Andrew Shore relieved to be back after ban

Wexford hurler Andrew Shore is delighted and relieved he can play this year having feared he might have to write off 2015.

Andrew Shore relieved to be back after ban

The defender was handed a 48-week ban for lining out for Birmingham side Roger Casements last October in an All-Britain junior hurling shield match when still registered with Dublin club Parnells.

Despite two appeals, one to the appeals committee of the Warwickshire County Board and the other to the Central Competitions Control Committee, the suspension stood and it precluded the 25-year-old from training and playing with Wexford.

Shore’s ban was reduced by the reinstatement committee at Congress at the end of February, freeing him up to join Liam Dunne’s hurlers. He has also returned playing for his original club Davidstown-Courtnacuddy in Wexford.

Shore said: “It was looking as if I was going to be out of the sport I love for a year. I was training on my own, which is very, very tough. Especially when you know that lads are inside working hard. I was obviously worried but what kept me going was concentrating on doing that training myself and that if I got a chance, that I would be ready to go back in straight away.”

The saga was taxing but Shore never gave any thought to what he went through. “I had to do what I had to do to get back. I had to go here and there. You have to respect the GAA too. They have rules. I just had to go wherever I had to go to try and get off the thing. The cost wasn’t going to come into it.”

Asked if he would like to change anything about the eligibility rule, Shore said: “Look, you have to respect the rulebook. I have full respect for the rulebook and I wouldn’t try and change any rule. I’m just happy that I got sorted and I’m back hurling. I thought I had done everything correctly.”

Shore was just as keen to get back inside the Wexford camp as they hope to build on their promising 2014 season when they reached an All-Ireland senior quarter-final, knocking out Clare and Waterford, and an U21 All-Ireland final. Missing out would have been a source of huge regret.

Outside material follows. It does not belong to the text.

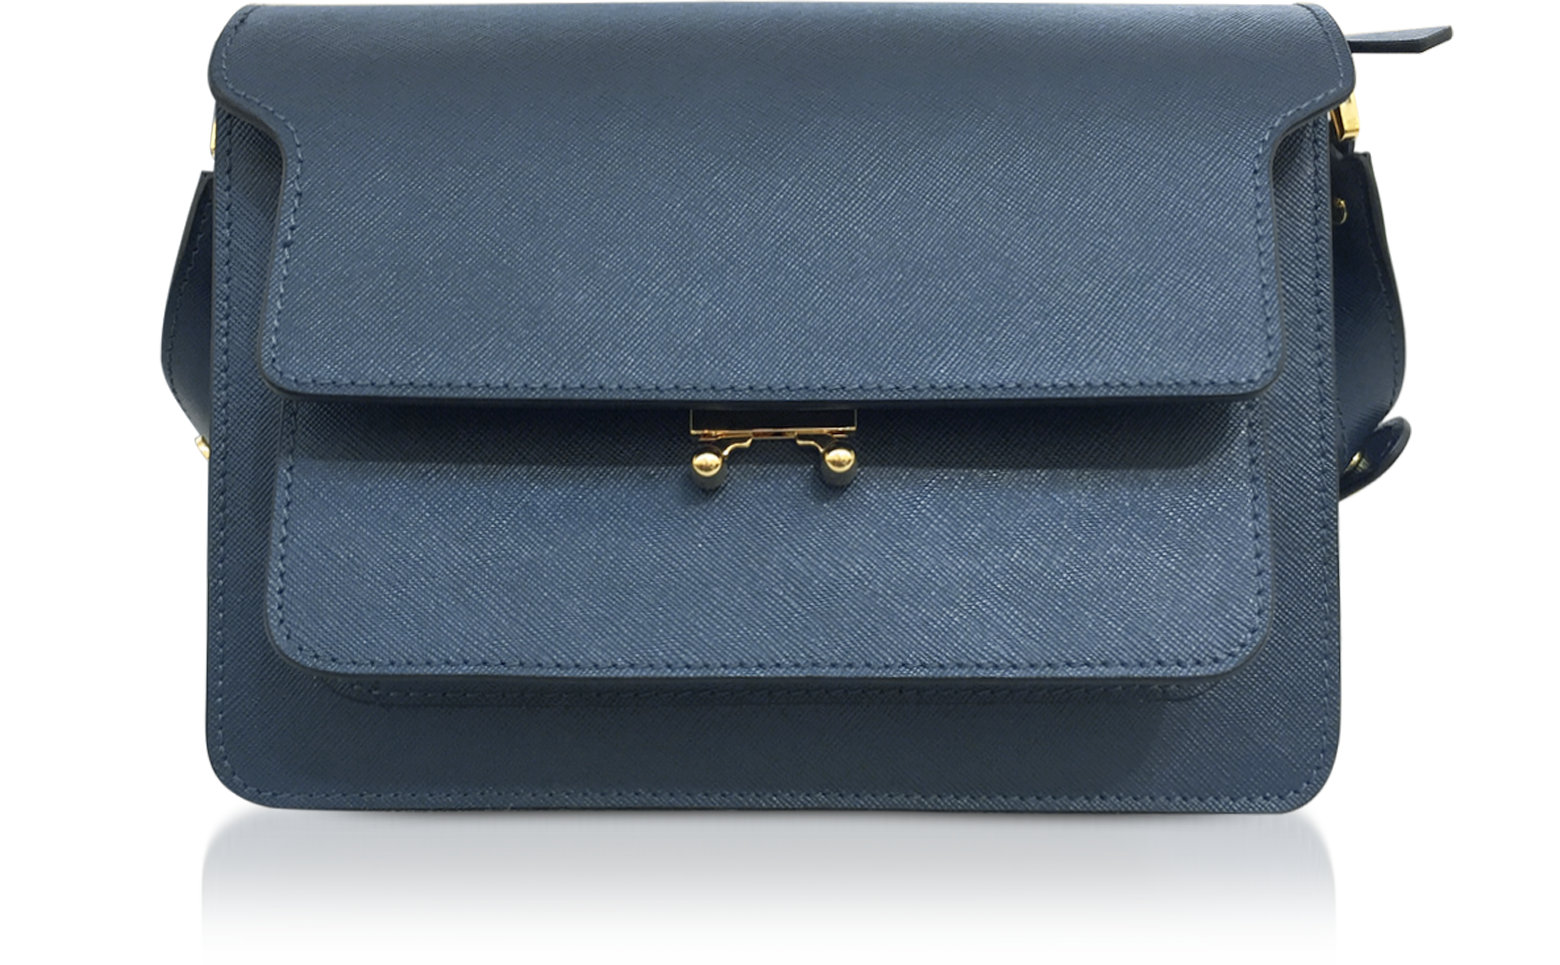 Marni Color Block Powder and Navy Blue Saffiano Leather Trunk Bag

“That U21 team, all the lads that are in with us, the likes of Paudie Foley, Conor McDonald, Conor Devitt, Eoin Conroy... they’re all a year older and they know what it’s like to win. They’re after winning a Leinster championship, which is driving us on, the older lads and the more experienced lads.

“We’re going to have to work damn hard to try and keep our places on the team and on the panel, which is making training way better and it’s pushing us all on. The expectation level has gone up in our own dressing room. It’s great for the fans and great for everyone but we want to try and be doing something now.”